Yesterday I talked about how writing things to USB drives made my machine not very responsive, and in a comment Nolan pointed me to LWN's The pernicious USB-stick stall problem. According to LWN's article, the core problem is an excess accumulation of dirty write buffers, and they give some VM system sysctls that you can use to control this.

I was dubious that this was my problem, for two reasons. First, I have a 16 GB machine and I barely use all that memory, so I thought that allowing a process to grab a bit over 3 GB of them for dirty buffers wouldn't make much of a difference.
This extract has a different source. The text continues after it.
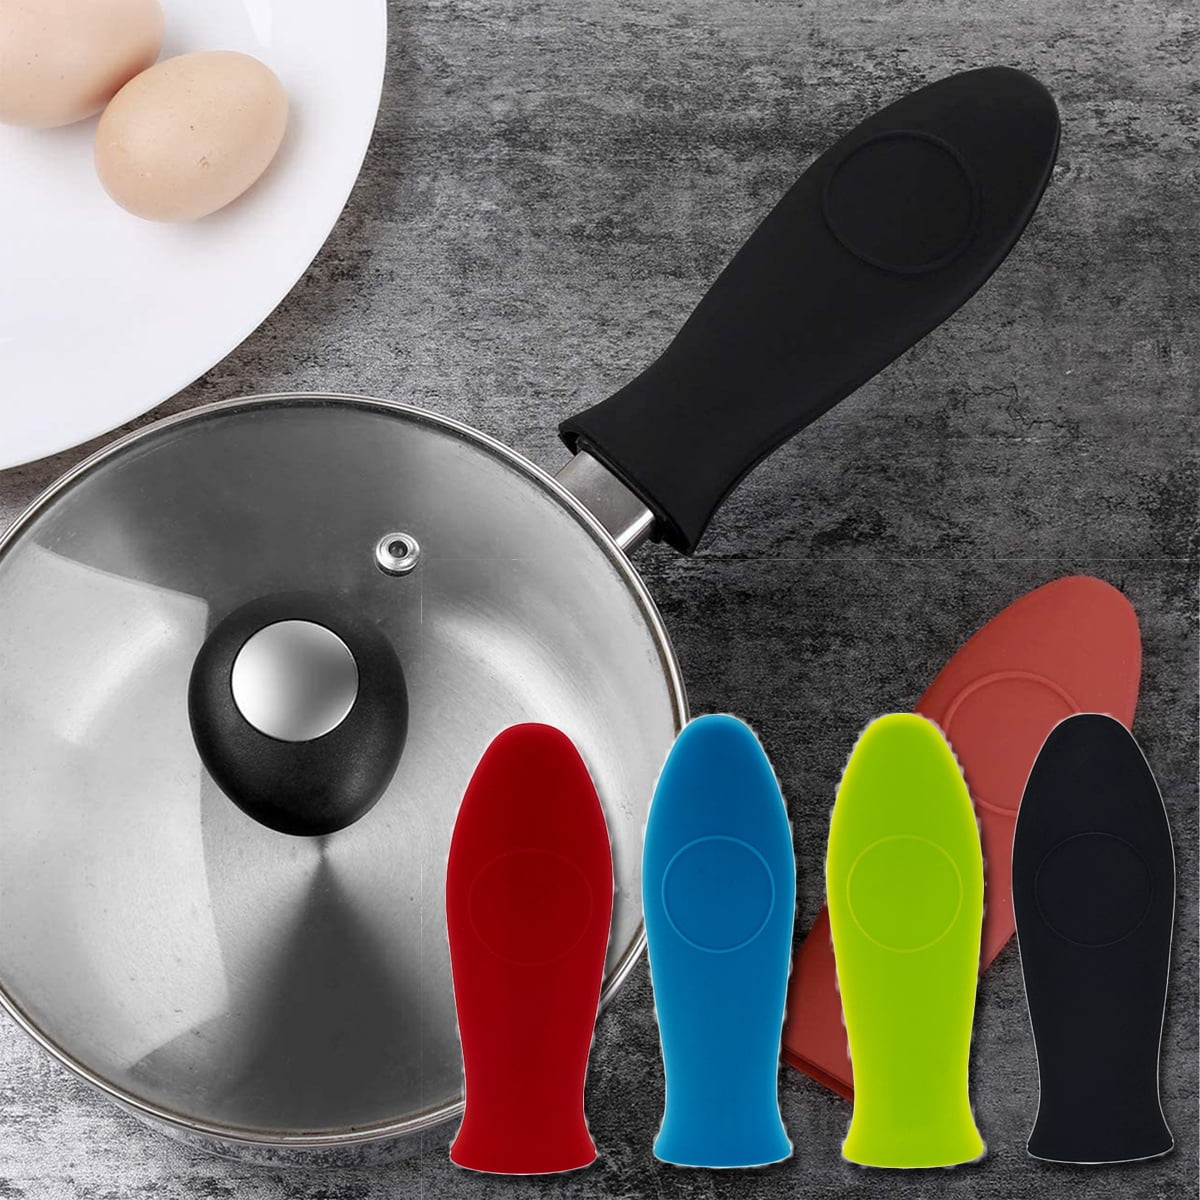 Webake Silicone Hot Handle Cover Holder Sleeve for Cast Iron

Second, I had actually been running sync frequently (in a shell loop) during the entire process, because I have sometimes had it make a difference in these situations; I figured frequent syncs should limit the amount of dirty buffers accumulating in general. But I figured it couldn't hurt to try, so I used the dirty_background_bytes and dirty_bytes settings to limit this to 256 MB and 512 MB respectively and tested things again.

It turns out that I was wrong. With these sysctls turned down, my machine stayed quite responsive for once, despite me doing various things to the USB flash drive (including things that had had a terrible effect just yesterday). I don't entirely understand why, though, which makes me feel as if I'm doing fragile magic instead of system tuning. I also don't know if setting these down is going to have a performance impact on other things that I do with my machine; intuitively I'd generally expect not, but clearly my intuition is suspect here.

(Per this Bob Plankers article, you can monitor the live state of your system with egrep 'dirty|writeback' /proc/vmstat. This will tell you the number of currently dirty pages and the thresholds (in pages, not bytes). I believe that nr_writeback is the number of pages actively being flushed out at the moment, so you can also monitor that.)

PS: In a system with drives (and filesystems) of vastly different speeds, a global dirty limit or ratio is a crude tool. But it's the best we seem to have on Linux today, as far as I know.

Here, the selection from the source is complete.